I have been contemplating a couple of upgrades... What is everyone's opinion of Sumps on a co2 injected tank? The other is a product I have found to use for a light reflector. I ordered some and it looks AWESOME! It has not arrived yet, but I will try to provide a link to their video.. It is called 3m Light Enhancement Film

First their PDF spec sheet -

http://multimedia.3m.com/mws/mediawebserver?zzzzzzhfrKNzTb_z4b_zzzy0XjvZZZZ8-

And here is a link to their video

3M Signage: 3M Light Enhancement Film (LEF) 3635-100 - YouTube

What are your thoughts?


----------



## effox (Apr 21, 2010)

The 3M LEF looks like good stuff!


----------



## Swope2bc (Feb 8, 2013)

Supposedly its reflective properties are 50% better than even polished metal.. I have it sitting in my living room waiting for time to install it in my hood... I will try to get some before and after pics, but all I have is my IPhone so its hard to tell the difference... I can't even see a difference between 2 bulbs and 4 with my IPhone so...


----------



## Fltengalan (Feb 21, 2012)

Let us know where you can get this stuff, I'm in the process of redoing my lights and this would be perfect. Did some research on reflector colour as I was in the market and I was surprised to find that polished reflectors are good for reflecting about 85% of the transmitted light compared to the white ones that reflect 90%, by adding this film we could improve on that even more.


----------



## kacairns (Apr 10, 2012)

The 3M product looks interesting.

As for sump on a co2 injected tank, it is great as long as you plan the sump properly, if you go out and buy a pre-made sump you will suffer from off gassing of the co2 to varying degrees.
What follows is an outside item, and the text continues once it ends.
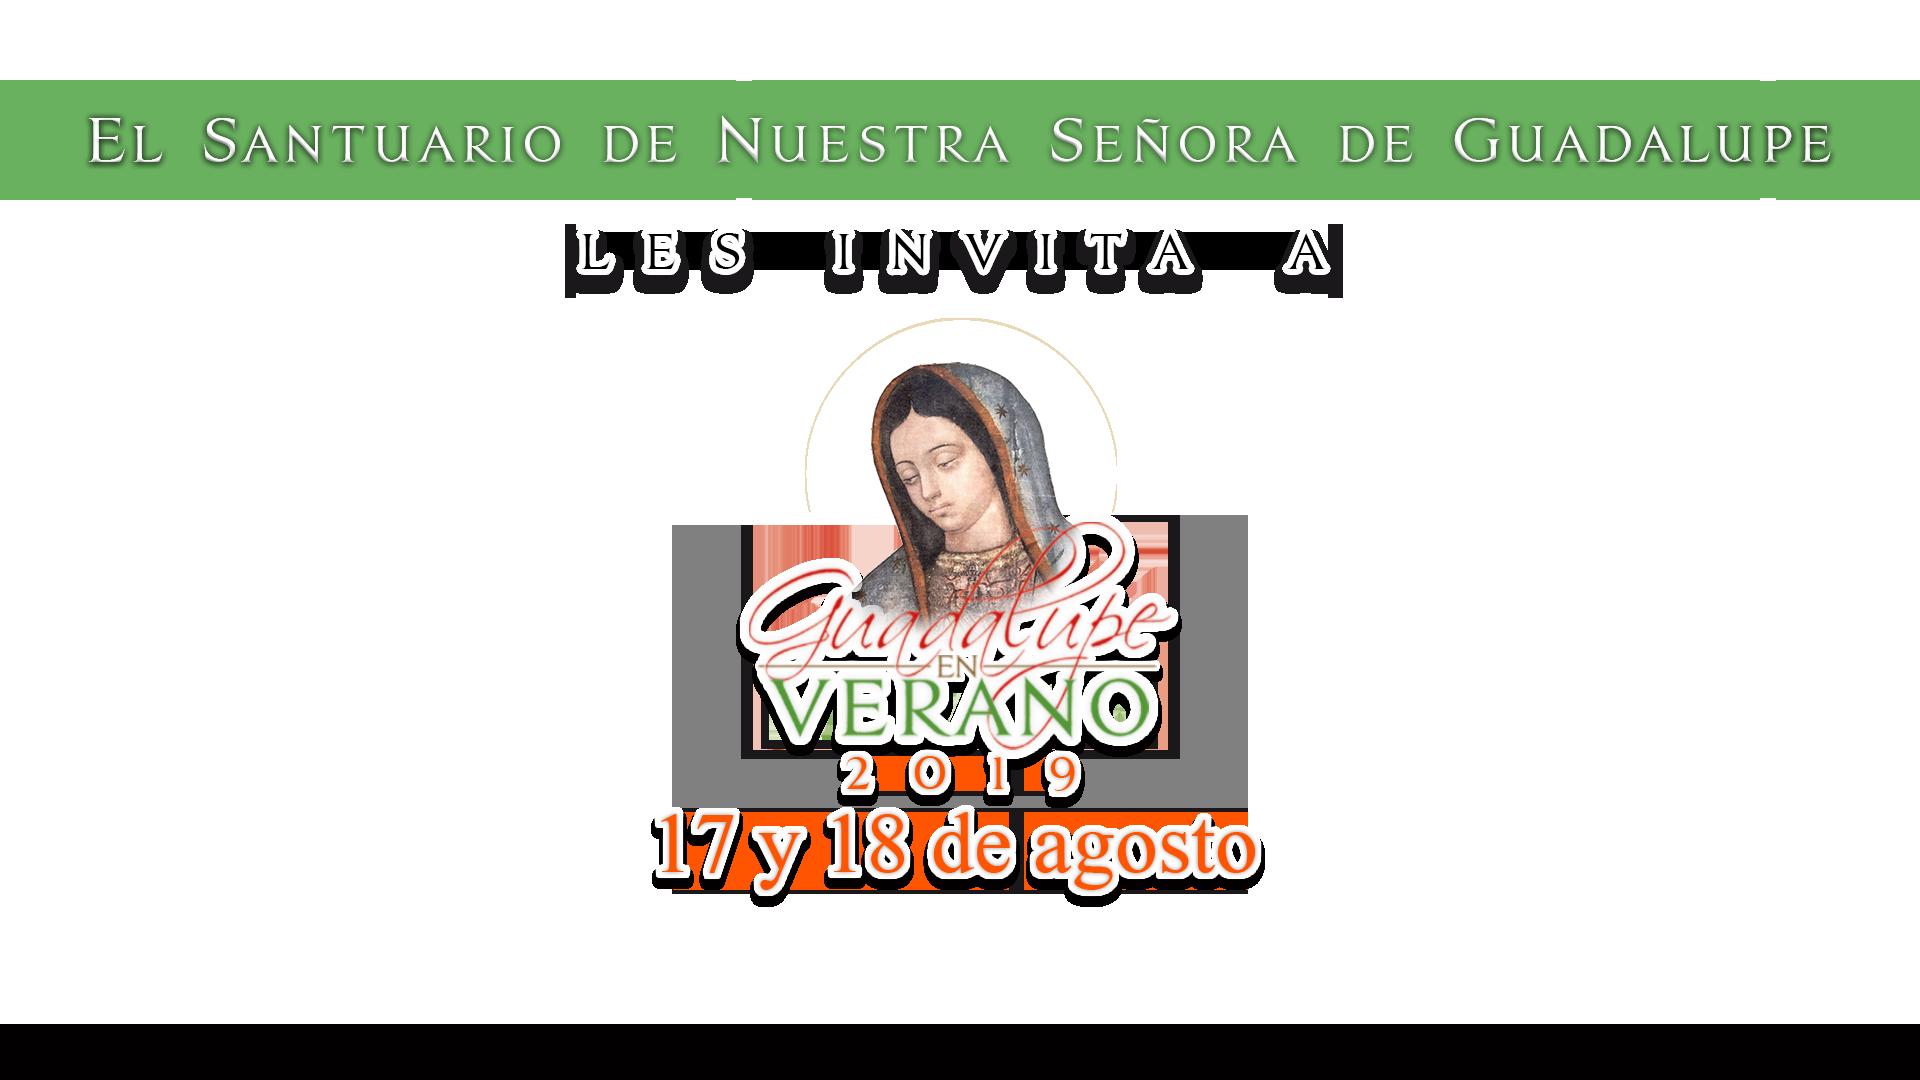 Guadalupe en Verano 2091
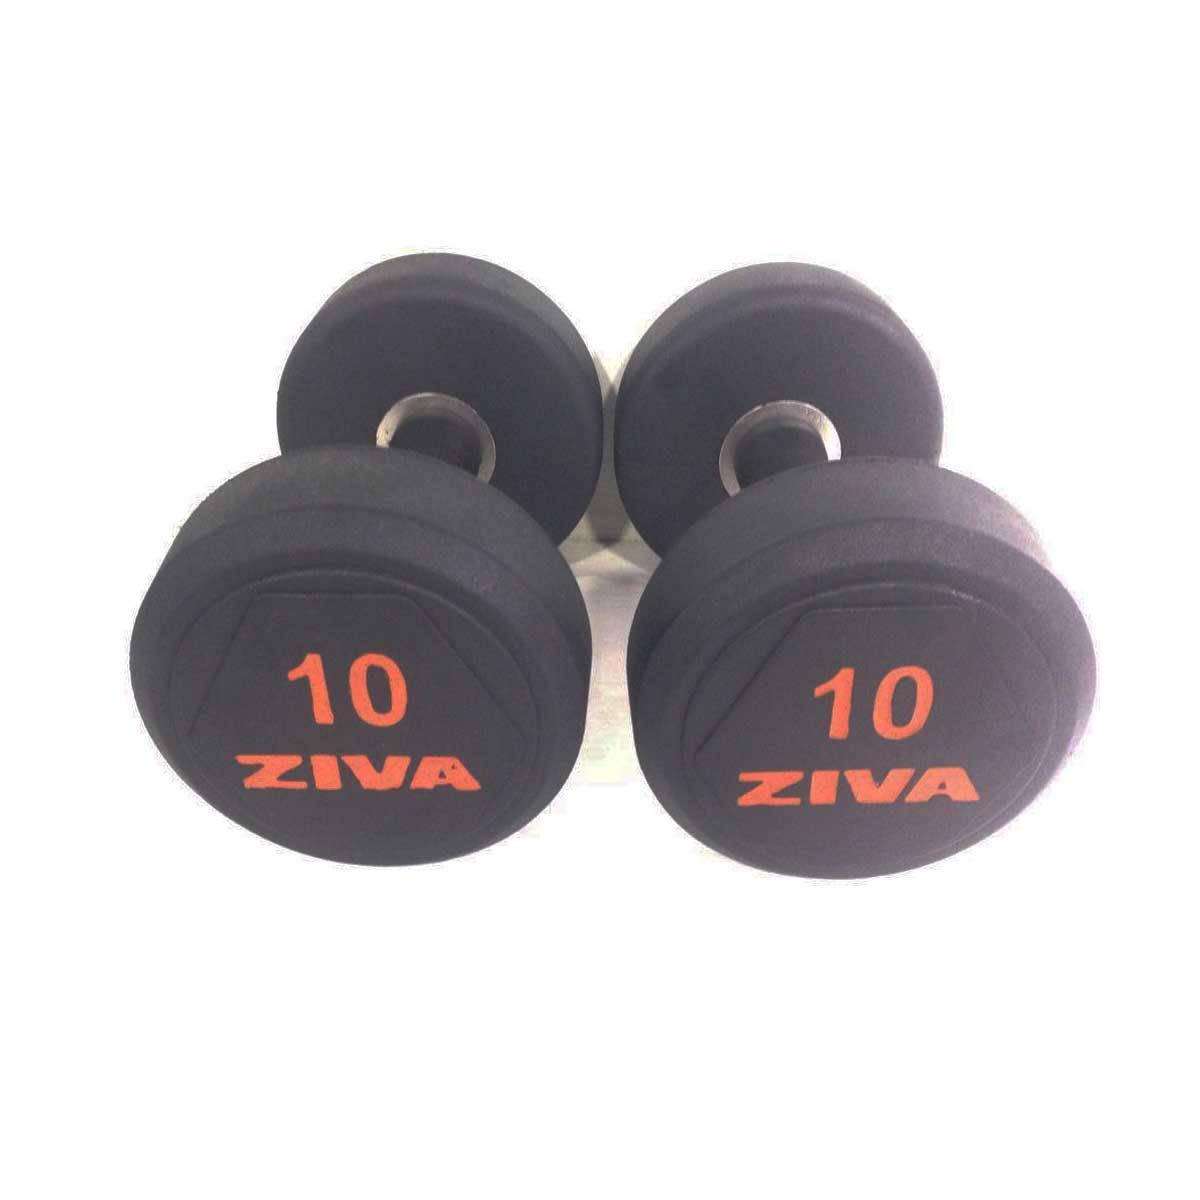 Buy Ziva Sl Solid Steel Rubber Dumbbell Set Online India

I have one on my planted tank which I need to find some time and money to build my own sump for the tank


----------



## dabandit1 (Dec 6, 2010)

Sumps are a great place to hide everything and add extra media,like the op mentioned get a covered sump they do make them


----------



## Swope2bc (Feb 8, 2013)

Thanks for the input on sumps guys, I am building my own and will not have a wet dry trickle feature at all. Extra water, filter pads, filter socks, home for heaters etc... and all that jaz.. Should work out well I hope. Plus I am going to have the water inlet submerged to avoid splash and off gassing and I will have it fully covered..

As for the 3M LEF sorry for the delay, here is the link

Montroy Sign Supply - Application - Application


----------